[Lognorm] Thought about %word%

Rainer Gerhards rgerhards at hq.adiscon.com
Thu Jan 20 16:24:37 CET 2011


Word is actually a catch-all parser, and a thing to avoid as better parsers
come it. I will soon make sure it will be tried as the last one. An email
parsers seems to make a lot of sense. And probably a "alpha" parser, which
takes a-zA-Z only. The bottom line is that the more precise, the better.

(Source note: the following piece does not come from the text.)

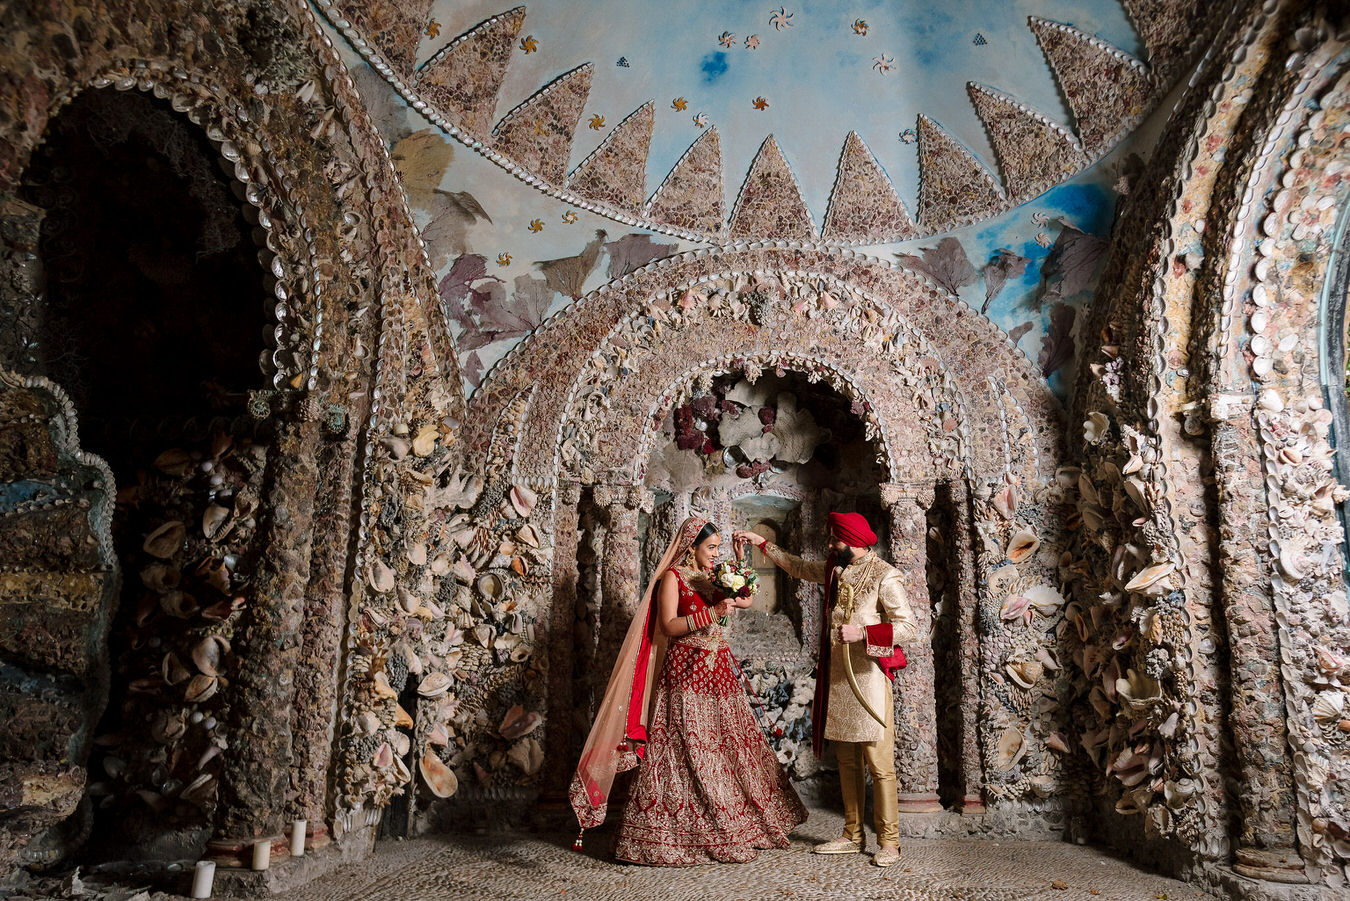 Sikh Asian wedding groom with his kirpan in hand and a bride with a bouquet are dancing inside the shell grotto

On the other hand, David's comments on regexpes was very interesting.
Regexpes are compiled to DFAs (deterministic finite automatons). Executing
the DFA takes some time. Executing many of them takes *a lot* of time. In
liblognorm, I combine all of those rules into a single DFA, thus it is much
quicker. But it may be possible to use the "regular" regexp logic and compile
many regexpes into a single DFA (liblognorms parse tree) and gain ease of use
of regexpes plus the speed of liblognorm. But this for sure sound like a very
challenging effort...

Rainer

> -----Original Message-----
> From: lognorm-bounces at lists.adiscon.com [mailto:lognorm-
> bounces at lists.adiscon.com] On Behalf Of Champ Clark III [Softwink]
> Sent: Thursday, January 20, 2011 4:15 PM
> To: lognorm at lists.adiscon.com
> Subject: [Lognorm] Thought about %word%
> 
> 
> 	Hello,
> 
> 	The other day I was working on some Sendmail rules (doing some
> testing) and I noticed something about the %field:word%.  Here's a
> quick example:
> 
> arg1=<bob at example.com>
> 
> 	What I'd planned on doing was:
> 
> arg1=<%email:word%>
> 
> 	But that obviously won't work.  In the end,  you end up grabbing
> the entire line (due to spaces).  Perhaps %word% should not _just_
> grab between spacing,  but any non-alpha/numberic.  This might lead
> into
> other problem.  For example,  %word% still wouldn't work due to the
> "@".  Or,  maybe it's a bad idea all the way around.  Perhaps a preset
> of defined delimiters ( < > [ ] (space) = , ) ?
> 
> --
>         Champ Clark III | Softwink, Inc | 800-538-9357 x 101
>                      http://www.softwink.com
> 
> GPG Key ID: 58A2A58F
> Key fingerprint = 7734 2A1C 007D 581E BDF7  6AD5 0F1F 655F 58A2 A58F
> If it wasn't for C, we'd be using BASI, PASAL and OBOL.